Mastering Deepfake Detection: A Cutting-Edge Approach to Distinguish GAN and Diffusion-Model Images 掌握深度伪造检测：区分 GAN 和扩散模型图像的尖端方法

IF 5.1 3区计算机科学 Q1 COMPUTER SCIENCE, INFORMATION SYSTEMS

ACM Transactions on Multimedia Computing Communications and Applications

Pub Date : 2024-03-09 DOI: 10.1145/3652027

Luca Guarnera, Oliver Giudice, Sebastiano Battiato

Detecting and recognizing deepfakes is a pressing issue in the digital age. In this study, we first collected a dataset of pristine images and fake ones properly generated by nine different Generative Adversarial Network (GAN) architectures and four Diffusion Models (DM). The dataset contained a total of 83,000 images, with equal distribution between the real and deepfake data. Then, to address different deepfake detection and recognition tasks, we proposed a hierarchical multi-level approach. At the first level, we classified real images from AI-generated ones. At the second level, we distinguished between images generated by GANs and DMs. At the third level (composed of two additional sub-levels), we recognized the specific GAN and DM architectures used to generate the synthetic data. Experimental results demonstrated that our approach achieved more than 97% classification accuracy, outperforming existing state-of-the-art methods. The models obtained in the different levels turn out to be robust to various attacks such as JPEG compression (with different quality factor values) and resize (and others), demonstrating that the framework can be used and applied in real-world contexts (such as the analysis of multimedia data shared in the various social platforms) for support even in forensic investigations in order to counter the illicit use of these powerful and modern generative models.

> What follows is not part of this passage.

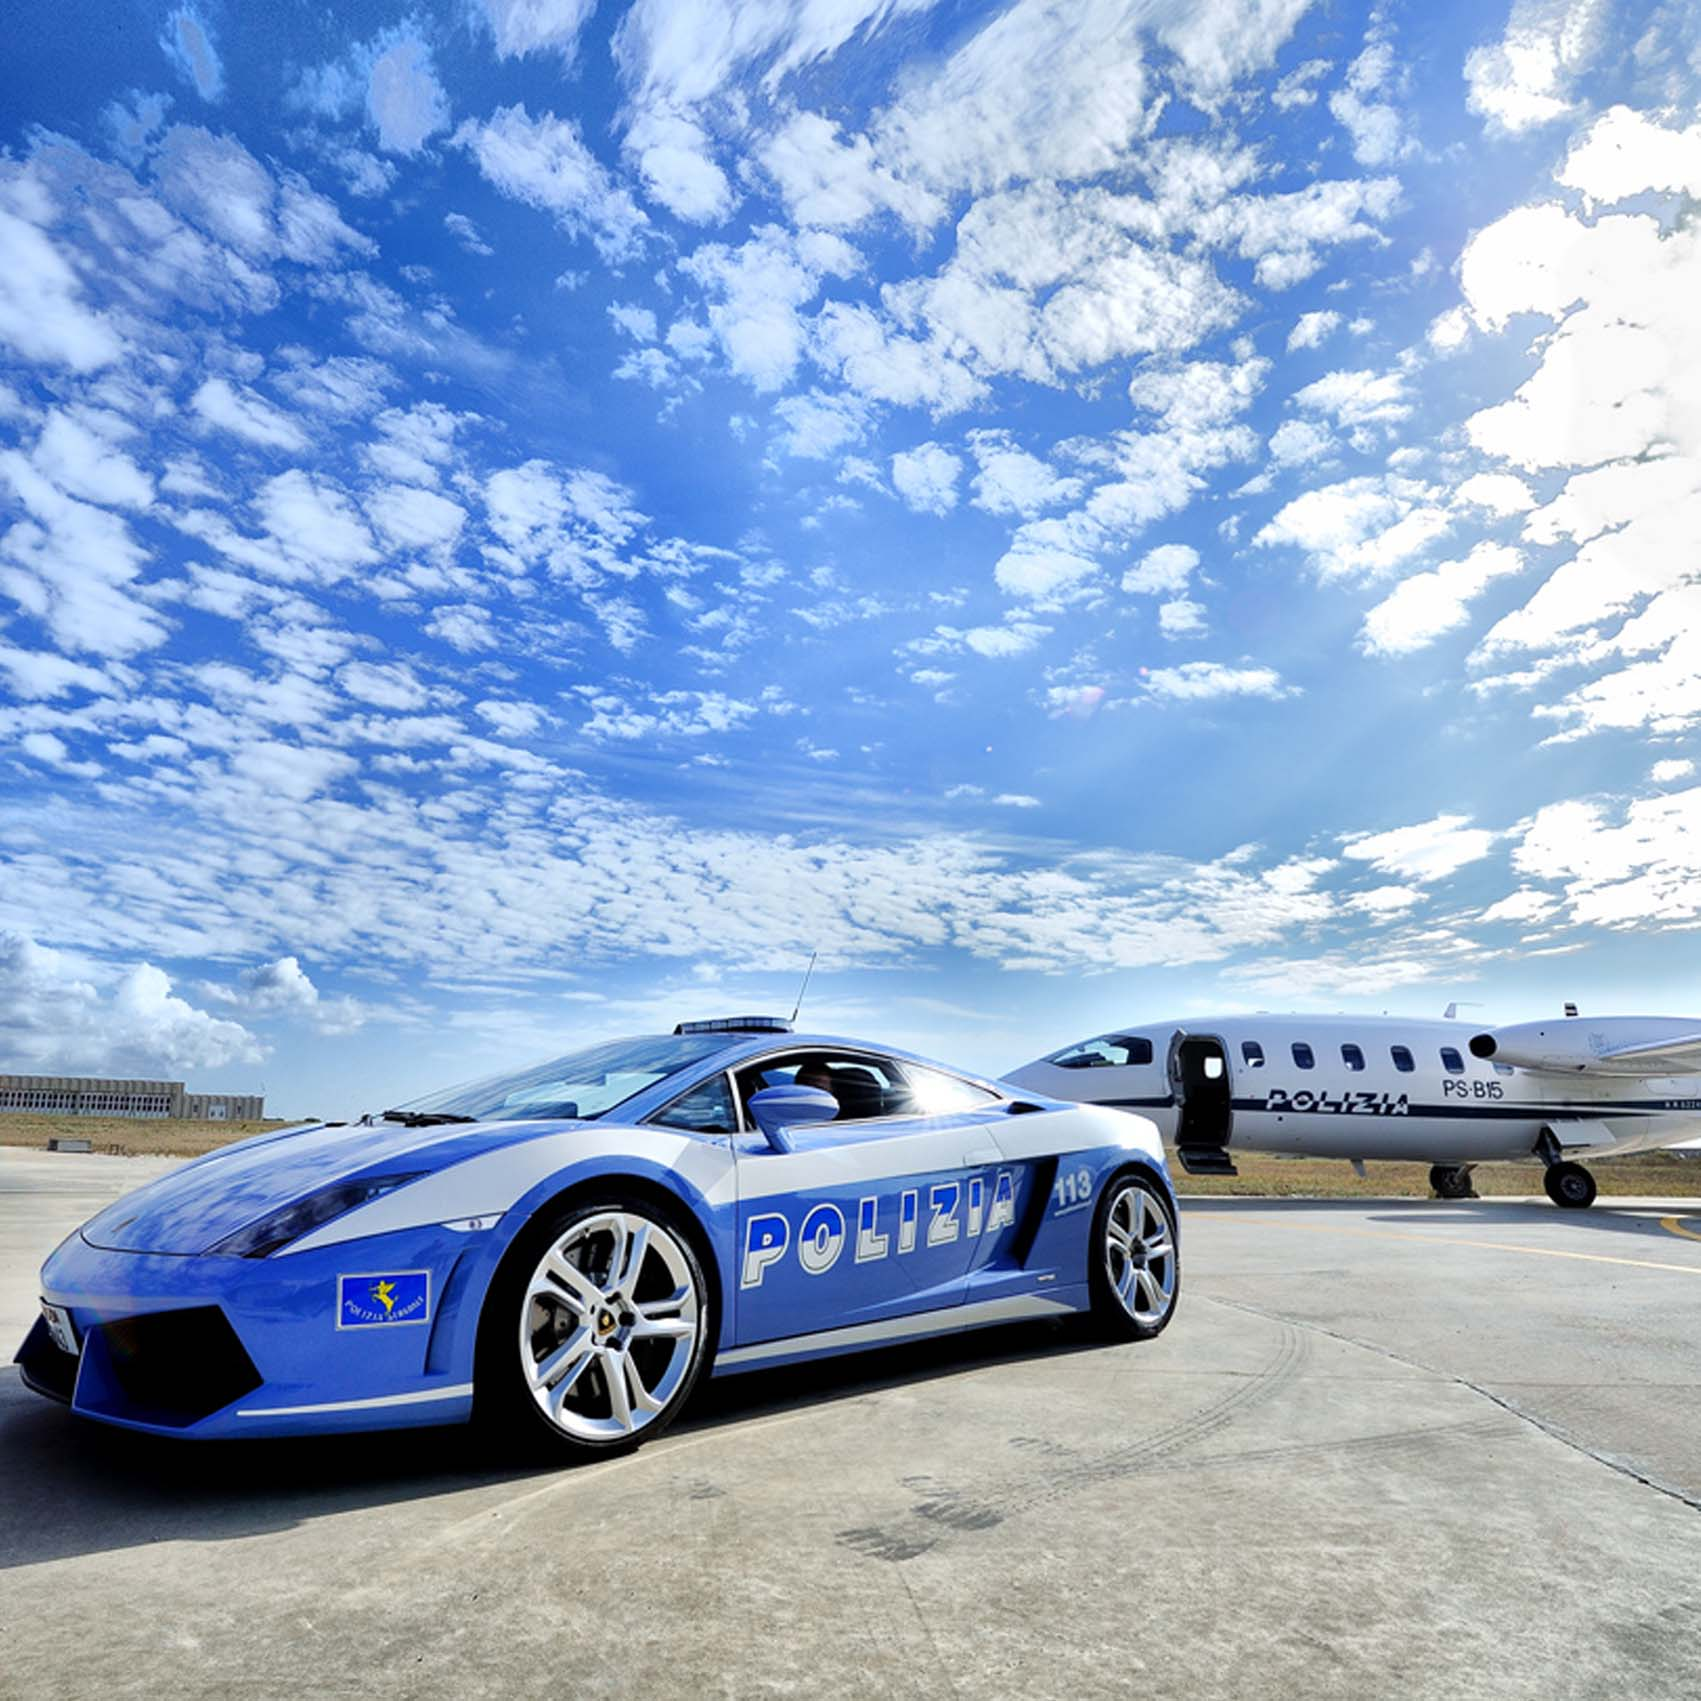 Elicottero Lamborghini : ° anniversario della polizia stradale le foto dal

We are able to identify the specific GAN and DM architecture used to generate the image, which is critical in tracking down the source of the deepfake. Our hierarchical multi-level approach to deepfake detection and recognition shows promising results in identifying deepfakes allowing focus on underlying task by improving (about (2% ) on the average) standard multiclass flat detection systems. The proposed method has the potential to enhance the performance of deepfake detection systems, aid in the fight against the spread of fake images, and safeguard the authenticity of digital media.

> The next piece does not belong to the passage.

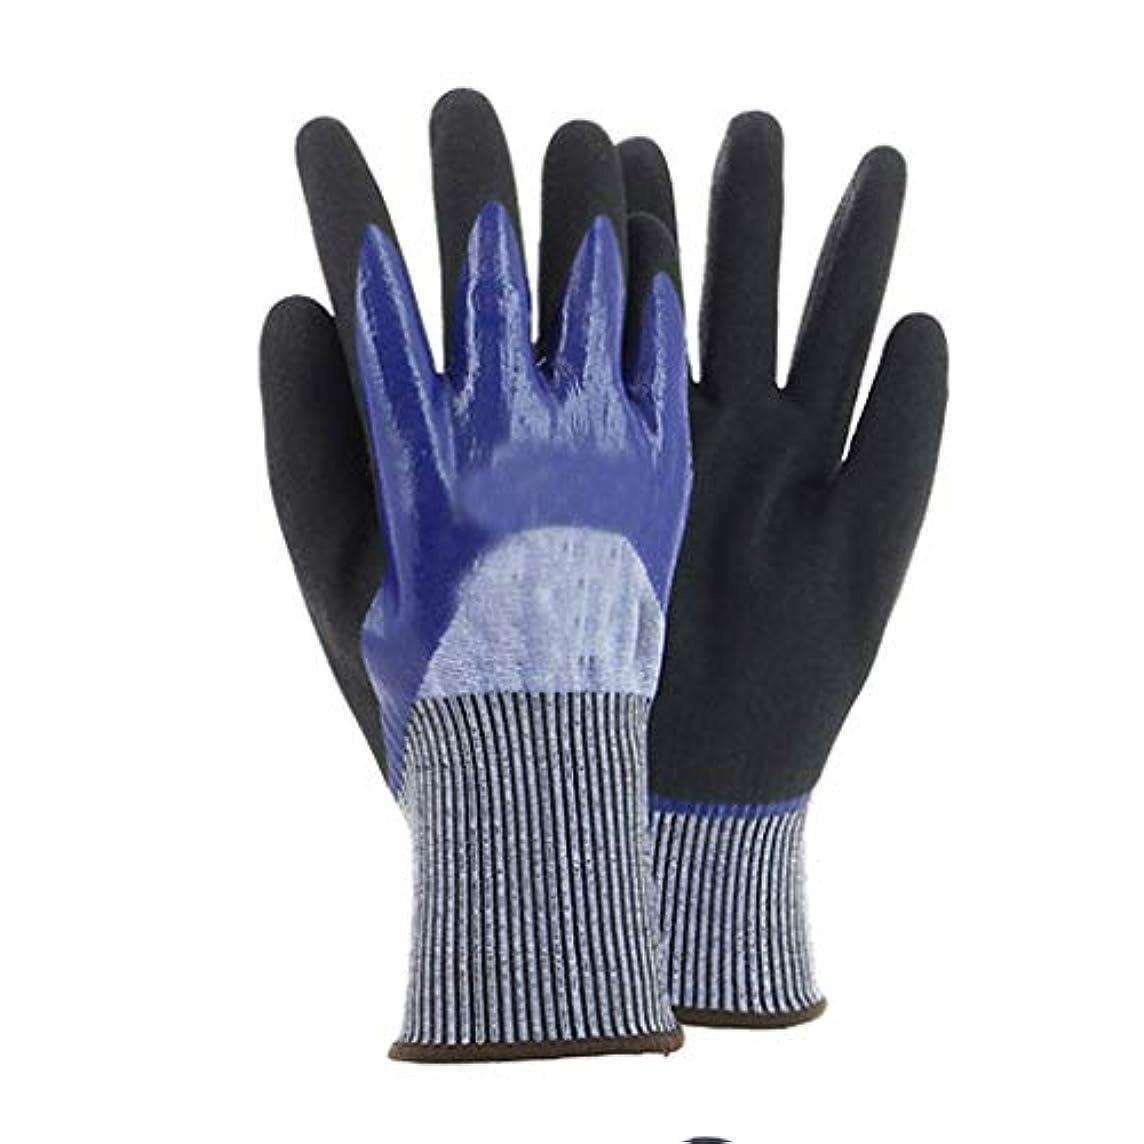 降伏アンティークサスティーンLIUXIN 労働保護手袋カット耐性オイル耐性ニトリルゴム手袋耐摩耗性ブルーマルチサイズオプション ゴム手袋 (Size : L)

检测和识别深度伪造是数字时代的一个紧迫问题。在这项研究中，我们首先收集了由九种不同的生成对抗网络（GAN）架构和四种扩散模型（DM）正确生成的原始图像和假图像数据集。该数据集共包含 83,000 张图像，真实数据和深度伪造数据分布均衡。然后，针对不同的深度伪造检测和识别任务，我们提出了一种分层多级方法。在第一层，我们对真实图像和人工智能生成的图像进行了分类。在第二层，我们区分了由 GAN 和 DM 生成的图像。在第三层（由另外两个子层组成），我们识别了用于生成合成数据的特定 GAN 和 DM 架构。实验结果表明，我们的方法达到了 97% 以上的分类准确率，超过了现有的最先进方法。在不同级别中获得的模型对各种攻击（如 JPEG 压缩（使用不同的质量因子值）和调整大小等）具有鲁棒性，这表明该框架可以在现实世界中使用和应用（如分析在各种社交平台上共享的多媒体数据），甚至可以在取证调查中提供支持，以打击非法使用这些强大的现代生成模型的行为。我们能够识别用于生成图像的特定 GAN 和 DM 架构，这对于追踪 deepfake 的来源至关重要。我们的分层多级深层伪造检测和识别方法在识别深层伪造方面取得了可喜的成果，通过改进（平均约为(2%)）标准多类平面检测系统，使我们能够专注于底层任务。所提出的方法有望提高深度赝品检测系统的性能，帮助打击假图像的传播，并保护数字媒体的真实性。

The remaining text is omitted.